Tuesday, October 10, 2006

Tis A Brave New World

As advisors such as Don Hays sound the trumpet what are investors to do? Join the parade at 90% invested in stocks? Hmmm? Some direct quotes from the article link above:

"The next few decades are going to witness this massive and wonderful build-out phase of the Technology Revolution, which means heightened Productivity and spreading Democracy. "We are entering this stage with massive negativity ... of course. With the S&P 500 the most under-valued of any time in the last 30 years.

"No one ever believes as new powerful trends are just beginning. But we are now about to reap the rewards of 32 years of massive reform since 1974 in this country. We've whipped inflation. We've whipped Communism and Socialism. They are not dead, but obviously on the run. We've whipped myriad legions of productivity destroyers, and now to the victor go the spoils."

But for now Hays is charging again. Currently, it recommends an asset allocation for "long term growth" of 90 % in stocks, 10 % in cash.


Sound familiar? Sounds like 2000 to me. Sounds awfully confident. We all like confidence. It replaces the lack of confidence we may have. Then again, Mr. Market typically punishes confidence. The bullish advisors may be right and we may run to massive new highs on all indices over the next few years. Now, if we march to massive returns in the next few years, that would place some indices at even higher nose bleed levels than they are today. ie, Transports, metals, broker/dealers, small caps, etc. And, it would drive the PE on the S&P to well over twenty again. Maybe thirty. Could happen. Could be different this time. Could be my work is going to turn out to be totally worthless. I'm not being cynical. Well, ok, not that cynical. But, I could be wrong and this might not be a topping formation.

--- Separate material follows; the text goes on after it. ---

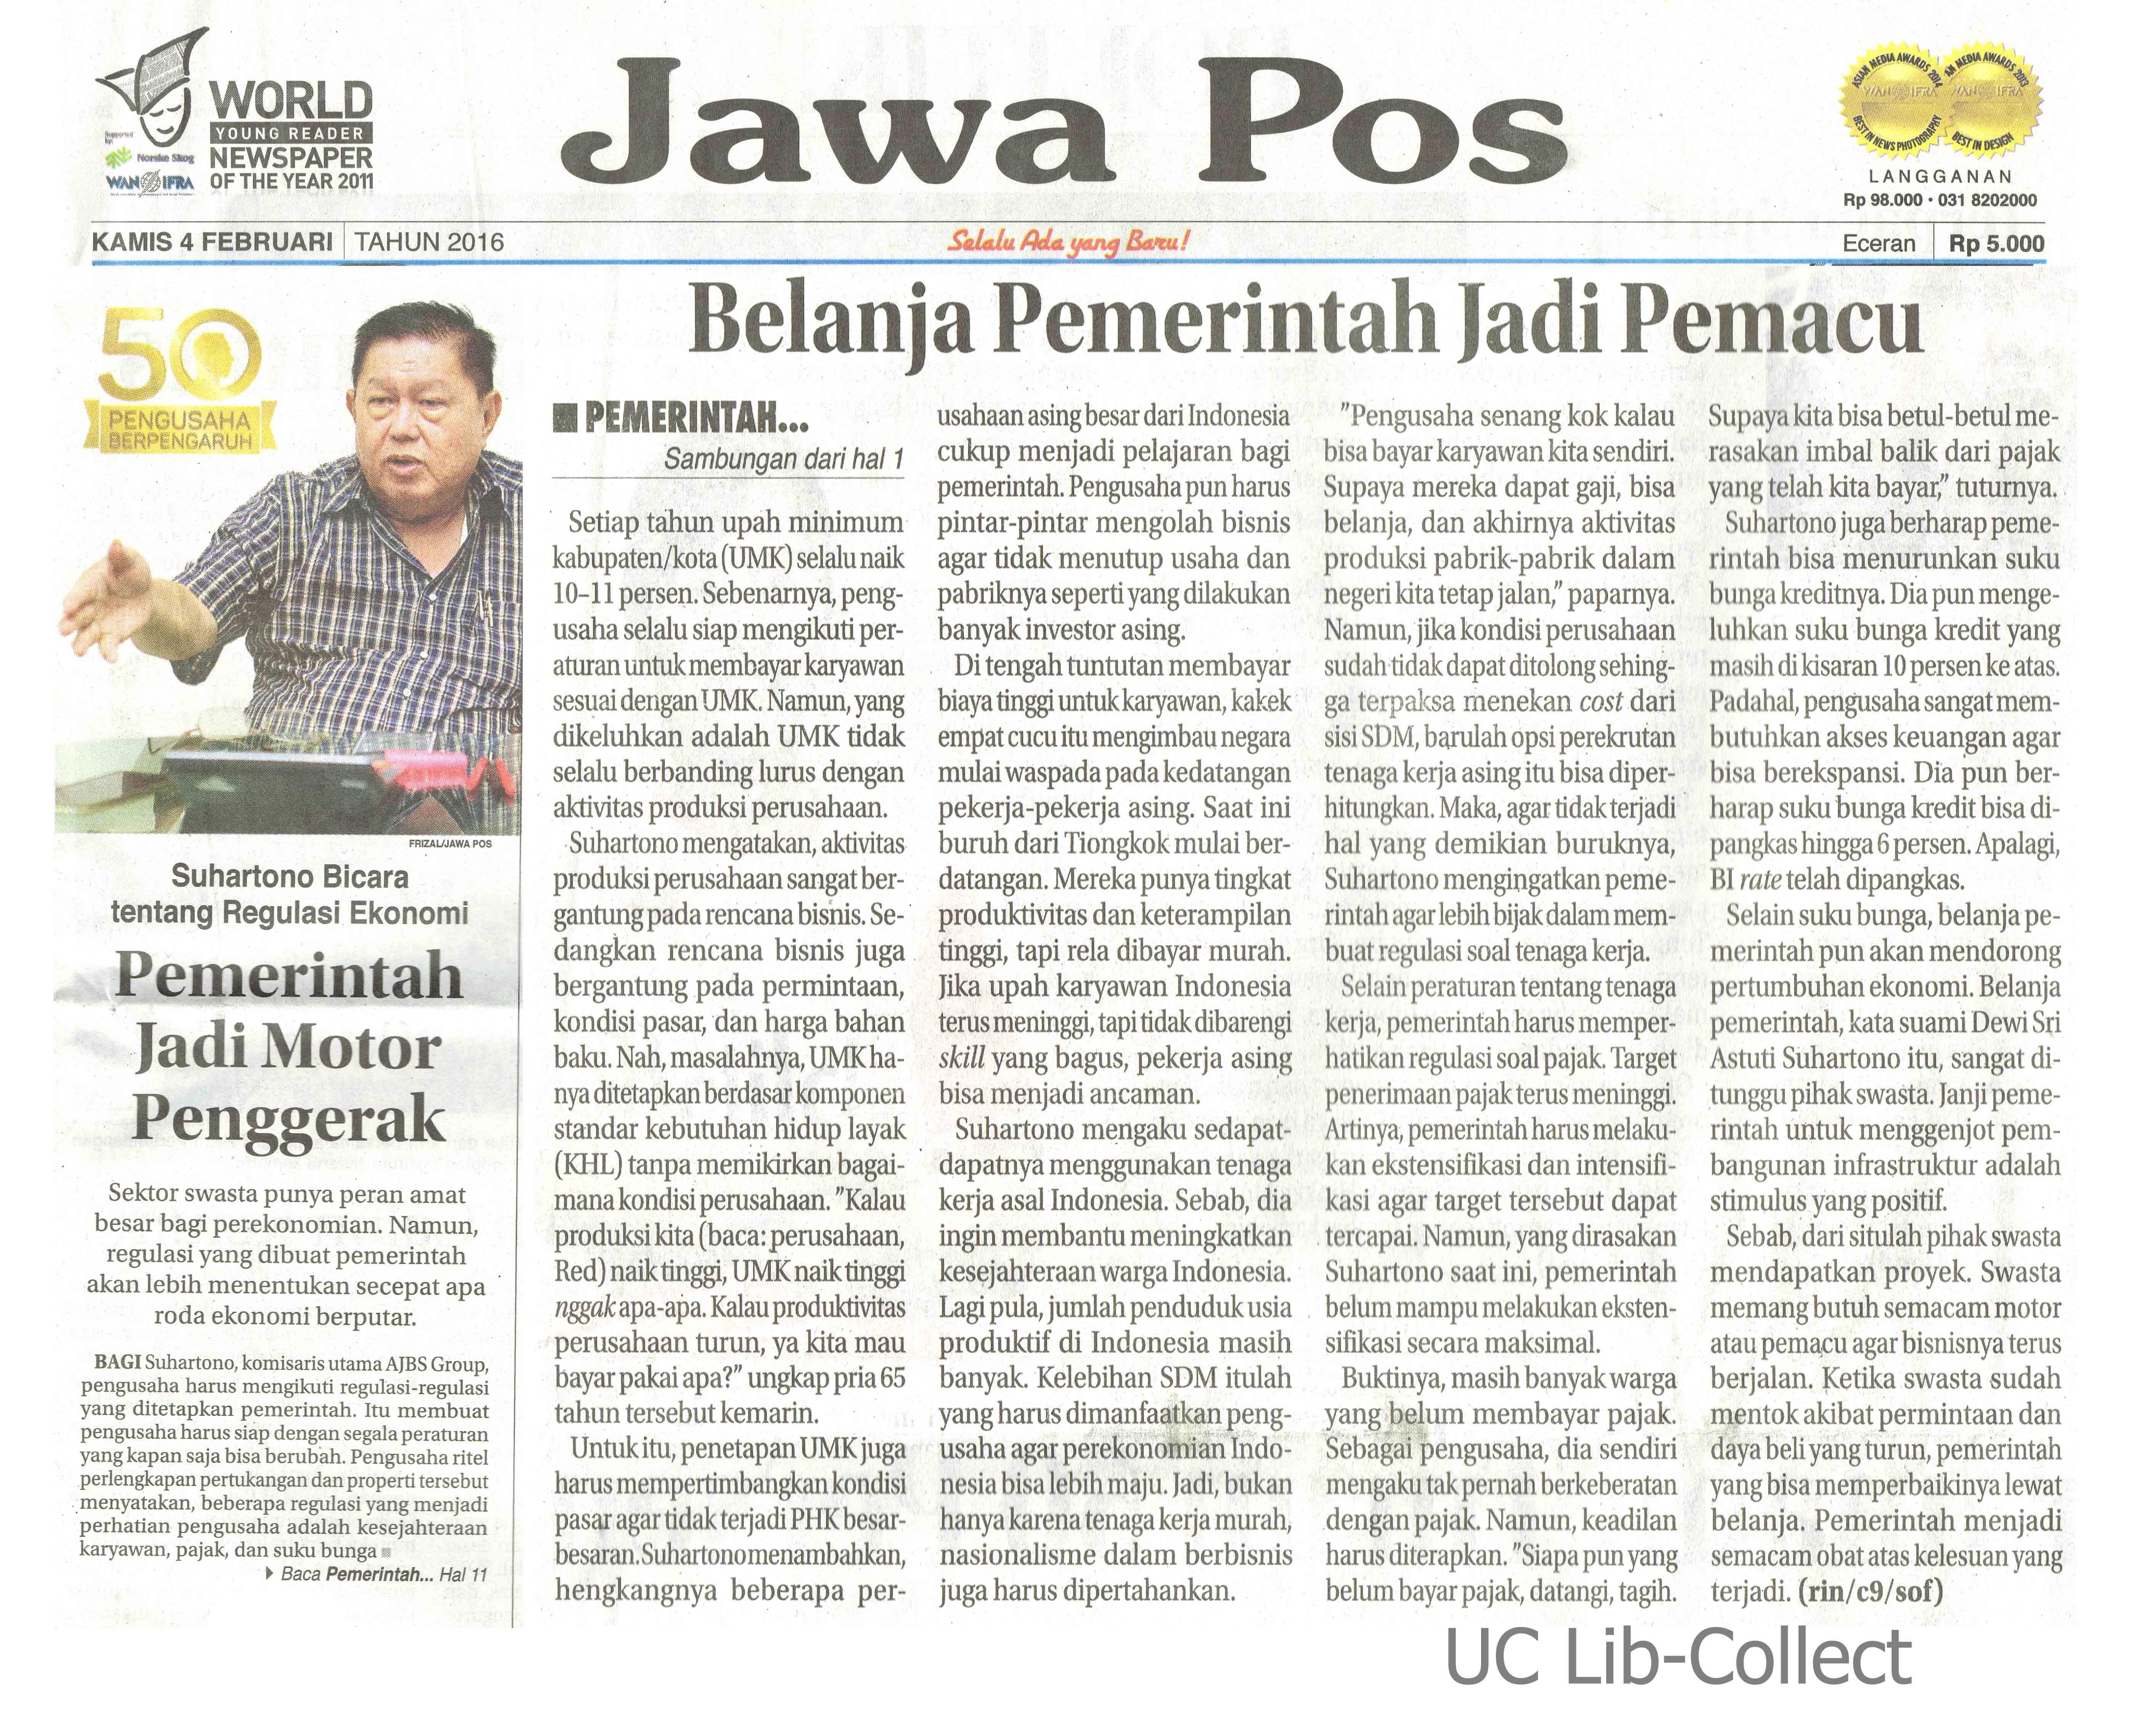 4 Februari 2016. Suhartono Bicara tentang Regulasi Ekonomi_Pemerintah Jadi Motor Penggerak. Jawa Pos. 4 Februari 2016. Hal.1,11

Don has stated in the aforementioned article that stocks are more cheaply valued than at any time in thirty years. Pssst! Don, where'd you get your data? The S&P, the only sanely valued index, is more than 3x more expensive than it was in the mid 1970s. I'm using facts. I'm not sure what you are using.

So, let's assume this bull thesis may be valid. If we are on our way to a brave new world, why is the innovation-laden Nasdaq acting so poorly? Forget about the mega cap weighted NDX which also contains many of the components driving the S&P. The innovation leaders which will lead us to that brave new world the bulls describe. (Oh, and I do agree has potential to come true long term.) Seems rather ironic that the Nasdaq advance/decline line cratered when the market cratered in May. Then, wouldn't it follow that the advance/decline line would rise from the ashes with this brave new world being described? But, in fact, it hasn't budged. So, how can that be? Mega caps, which disproportionately weight all major indices in the US are carrying the day while most stocks languish. Unless you are in a very narrow group of stocks, your portfolio still hasn't recovered to May levels. Is that a good thing? Well, I don't think Martha would say so. And, it coincides with people starting to do really piggish things in the market as I write this. My favorite sentiment indicator which measures what people do not what they say is once again quite negative on stocks. Tis a brave new world or tis topping action?

Well, I recall said advisor called three bottoms, raised cash near the bottom and now is 90% invested in stocks again. And that was all done in a period of a few months. Are we seeing a little of lesson #12 in the prior post? "#12 Most newsletters offer both sides regarding market direction. Whichever way the market goes will then be highlighted in subsequent newsletters as if the writer knew what was coming."

The bulls may be right. And, I do hope Don is right. I generally agree with his positive thesis of western democracy and America. And, I'd rather eat a gourmet meal than a sh*t sandwich as defined by the economy any day. But, I, for one, am not so confident.